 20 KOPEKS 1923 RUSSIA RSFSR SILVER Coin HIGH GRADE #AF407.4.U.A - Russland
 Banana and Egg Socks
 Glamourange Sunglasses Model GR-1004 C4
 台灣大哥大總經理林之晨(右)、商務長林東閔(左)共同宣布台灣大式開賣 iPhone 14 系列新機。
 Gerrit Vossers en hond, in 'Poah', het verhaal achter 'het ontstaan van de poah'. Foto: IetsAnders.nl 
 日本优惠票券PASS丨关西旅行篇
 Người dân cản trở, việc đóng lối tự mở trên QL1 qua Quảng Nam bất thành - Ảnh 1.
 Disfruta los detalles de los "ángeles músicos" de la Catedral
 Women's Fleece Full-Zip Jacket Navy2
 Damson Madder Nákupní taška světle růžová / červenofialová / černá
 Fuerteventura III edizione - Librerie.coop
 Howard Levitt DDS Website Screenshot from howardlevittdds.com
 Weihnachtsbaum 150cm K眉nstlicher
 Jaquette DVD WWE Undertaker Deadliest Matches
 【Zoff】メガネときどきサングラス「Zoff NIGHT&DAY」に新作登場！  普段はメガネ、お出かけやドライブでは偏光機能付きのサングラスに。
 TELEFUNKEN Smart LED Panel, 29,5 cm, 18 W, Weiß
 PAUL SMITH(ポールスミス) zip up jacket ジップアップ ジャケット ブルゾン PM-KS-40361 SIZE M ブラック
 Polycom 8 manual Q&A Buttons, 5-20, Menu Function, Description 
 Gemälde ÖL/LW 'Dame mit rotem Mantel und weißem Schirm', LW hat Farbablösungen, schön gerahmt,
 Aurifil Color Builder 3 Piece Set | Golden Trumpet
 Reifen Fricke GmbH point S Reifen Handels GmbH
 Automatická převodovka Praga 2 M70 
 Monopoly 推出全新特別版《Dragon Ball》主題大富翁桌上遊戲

§ EXERCISE OBJECTIVE:
Could you output every entry from the listing above without altering a word?

§ YOUR RESPONSE:
 20 KOPEKS 1923 RUSSIA RSFSR SILVER Coin HIGH GRADE #AF407.4.U.A - Russland
 Banana and Egg Socks
 Glamourange Sunglasses Model GR-1004 C4
 台灣大哥大總經理林之晨(右)、商務長林東閔(左)共同宣布台灣大式開賣 iPhone 14 系列新機。
 Gerrit Vossers en hond, in 'Poah', het verhaal achter 'het ontstaan van de poah'. Foto: IetsAnders.nl 
 日本优惠票券PASS丨关西旅行篇
 Người dân cản trở, việc đóng lối tự mở trên QL1 qua Quảng Nam bất thành - Ảnh 1.
 Disfruta los detalles de los "ángeles músicos" de la Catedral
 Women's Fleece Full-Zip Jacket Navy2
 Damson Madder Nákupní taška světle růžová / červenofialová / černá
 Fuerteventura III edizione - Librerie.coop
 Howard Levitt DDS Website Screenshot from howardlevittdds.com
 Weihnachtsbaum 150cm K眉nstlicher
 Jaquette DVD WWE Undertaker Deadliest Matches
 【Zoff】メガネときどきサングラス「Zoff NIGHT&DAY」に新作登場！  普段はメガネ、お出かけやドライブでは偏光機能付きのサングラスに。
 TELEFUNKEN Smart LED Panel, 29,5 cm, 18 W, Weiß
 PAUL SMITH(ポールスミス) zip up jacket ジップアップ ジャケット ブルゾン PM-KS-40361 SIZE M ブラック
 Polycom 8 manual Q&A Buttons, 5-20, Menu Function, Description 
 Gemälde ÖL/LW 'Dame mit rotem Mantel und weißem Schirm', LW hat Farbablösungen, schön gerahmt,
 Aurifil Color Builder 3 Piece Set | Golden Trumpet
 Reifen Fricke GmbH point S Reifen Handels GmbH
 Automatická převodovka Praga 2 M70 
 Monopoly 推出全新特別版《Dragon Ball》主題大富翁桌上遊戲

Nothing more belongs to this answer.